Dataset section:
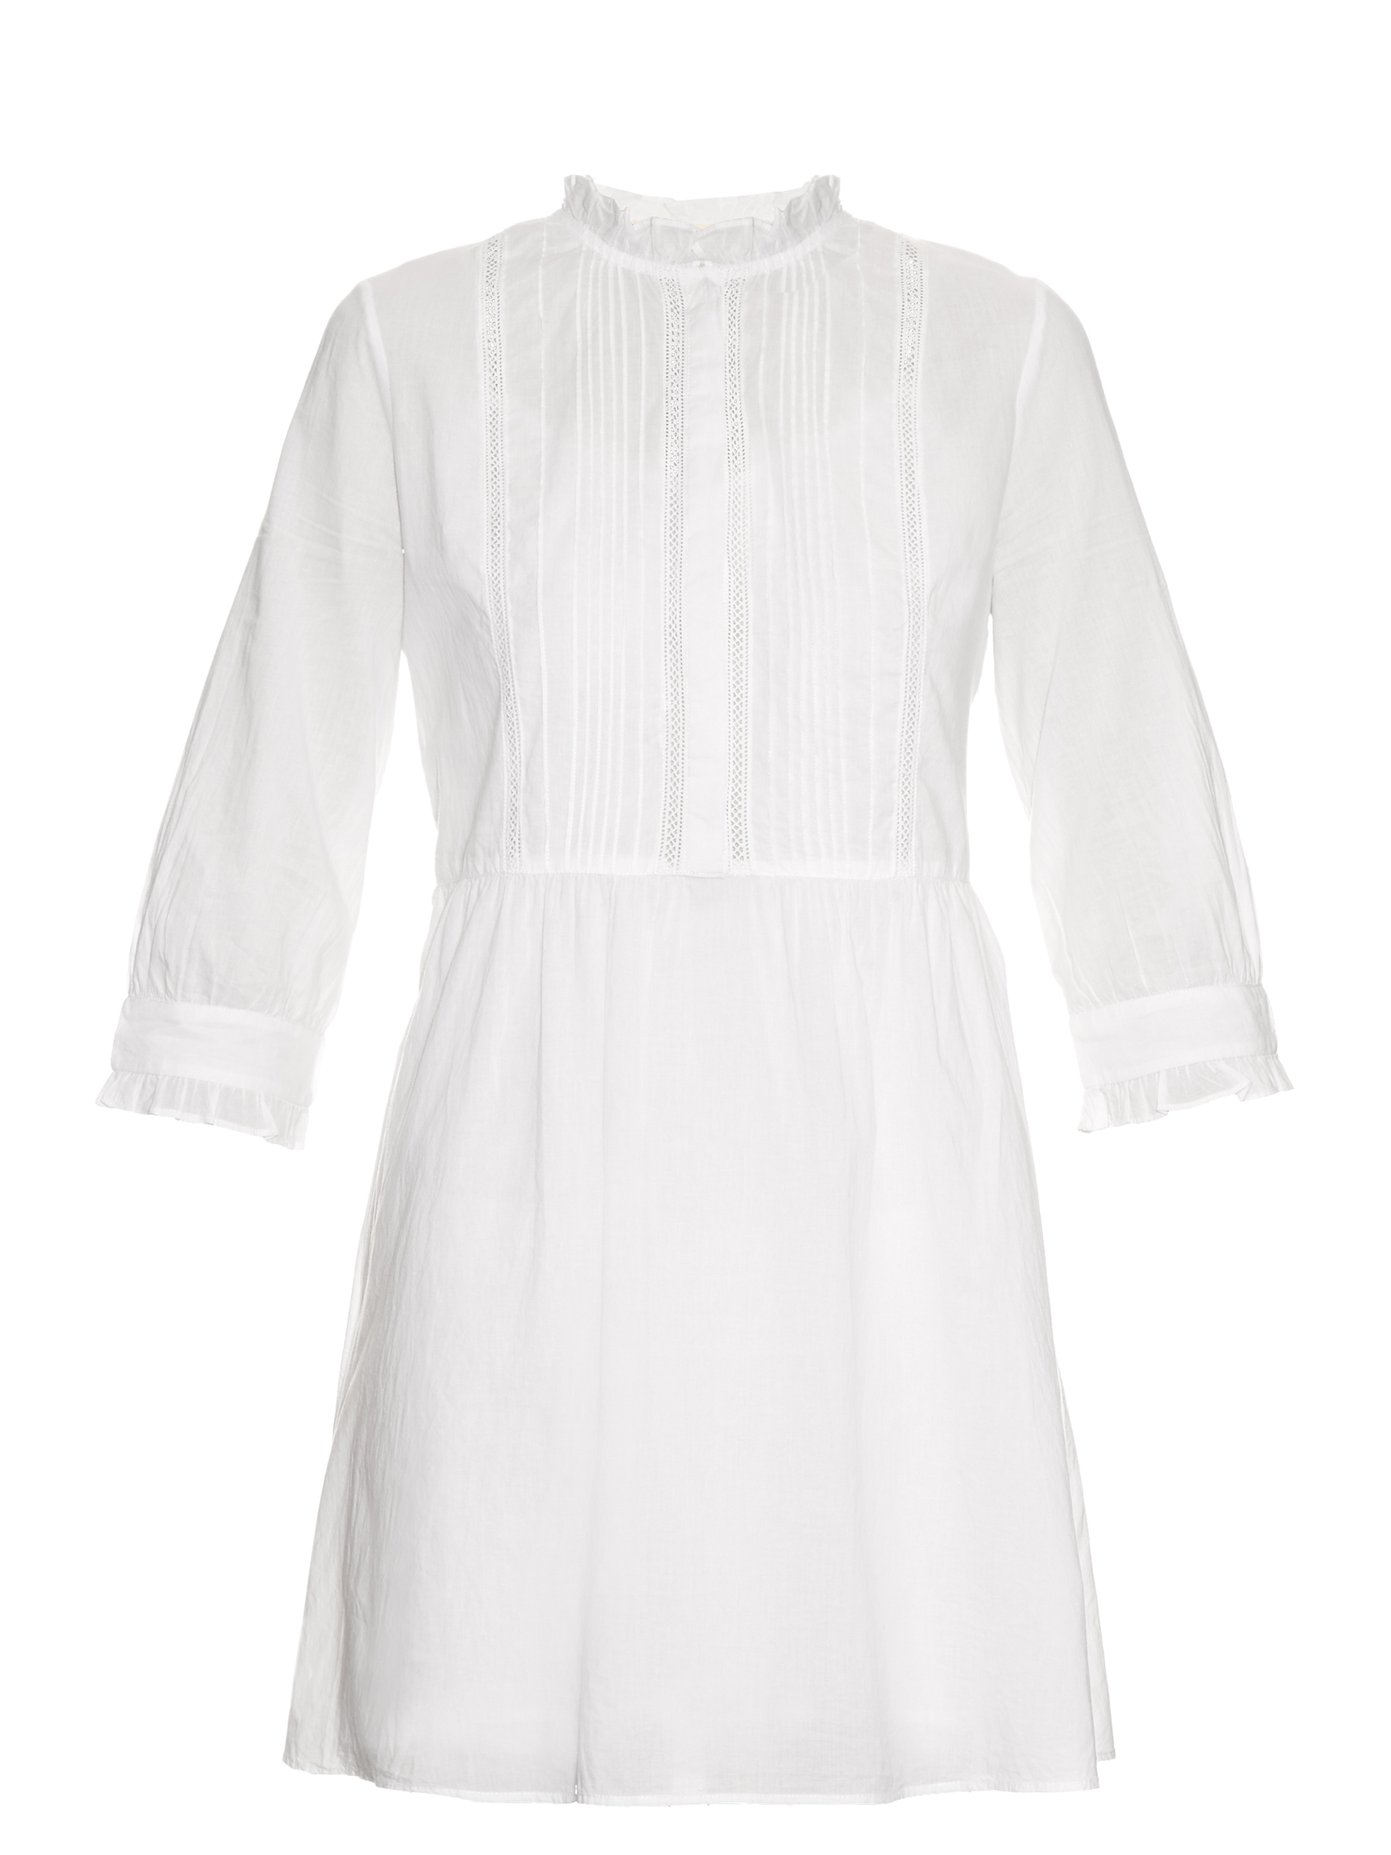 vanessa bruno white dress
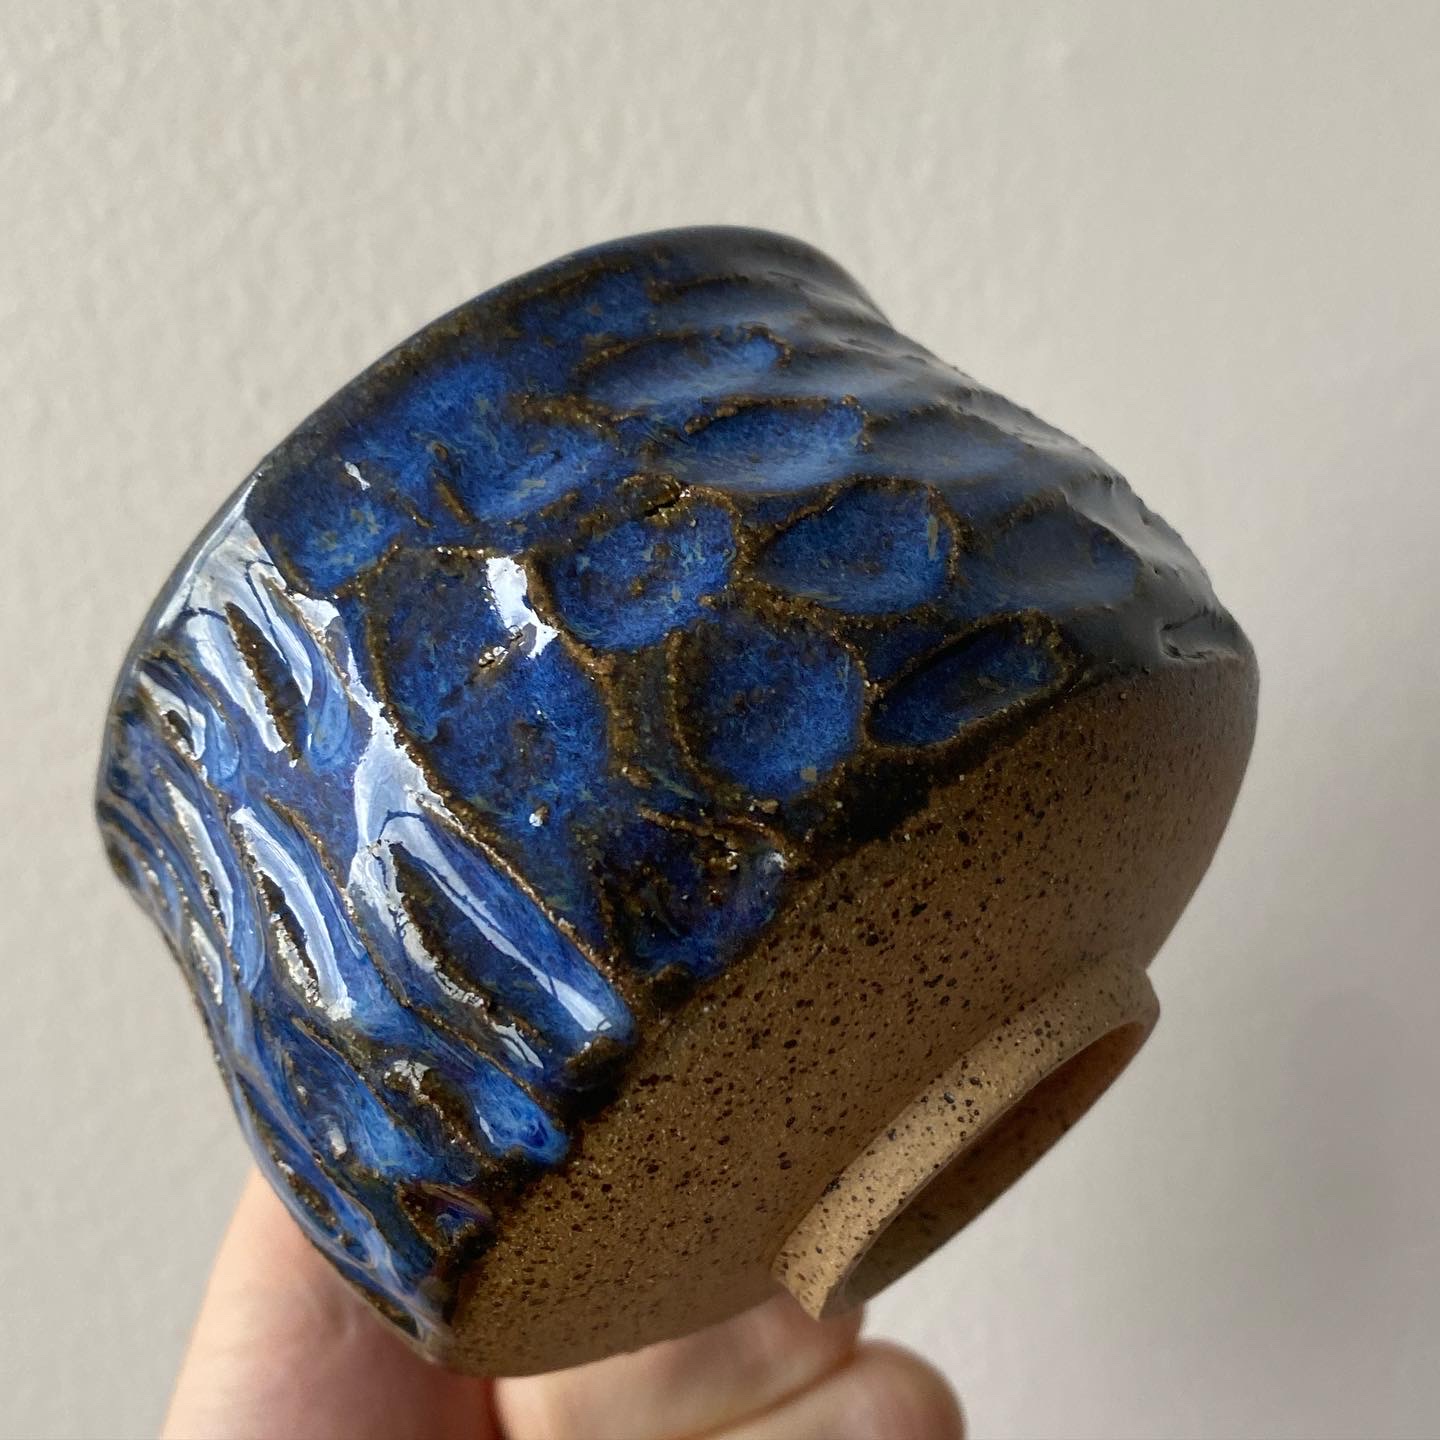 Altered mug in blue glaze
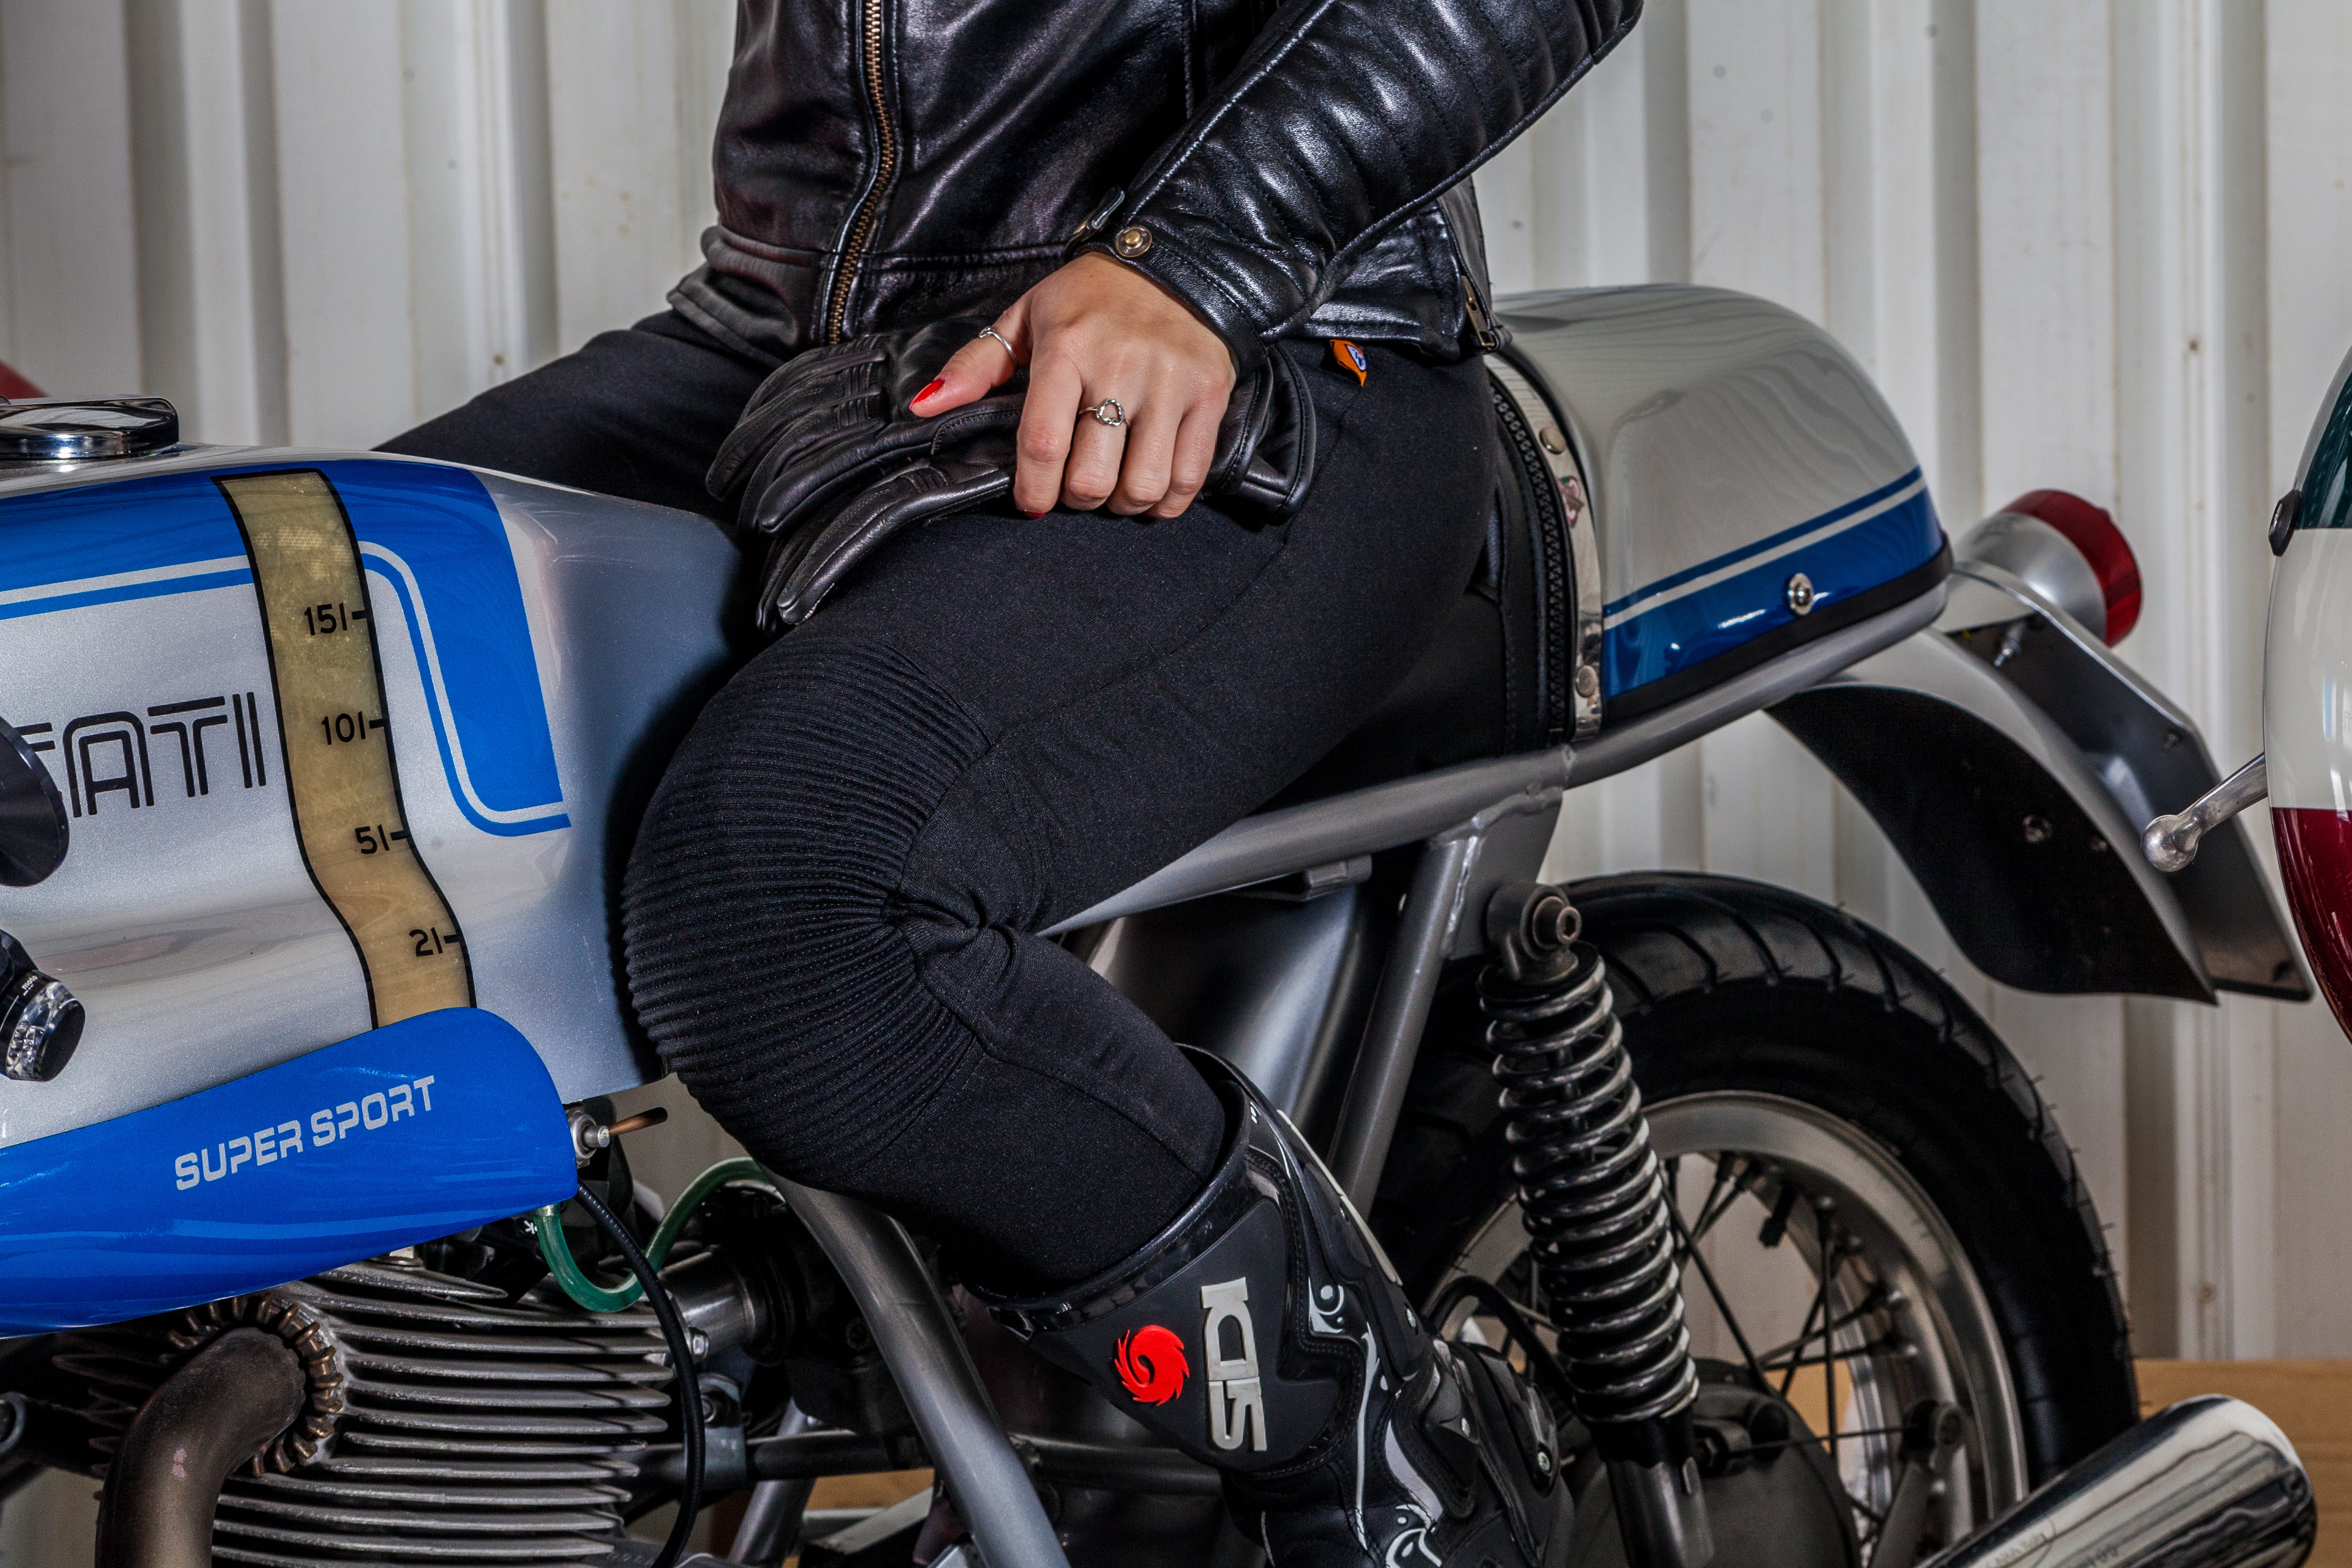 Ladies Motorcycle Ribbed Knee Design Leggings from Moto Girl

Work instruction: Line by line, restate the data above exactly as it stands, minus the pictures.

Solution to this task:
 vanessa bruno white dress
 Altered mug in blue glaze
 Ladies Motorcycle Ribbed Knee Design Leggings from Moto Girl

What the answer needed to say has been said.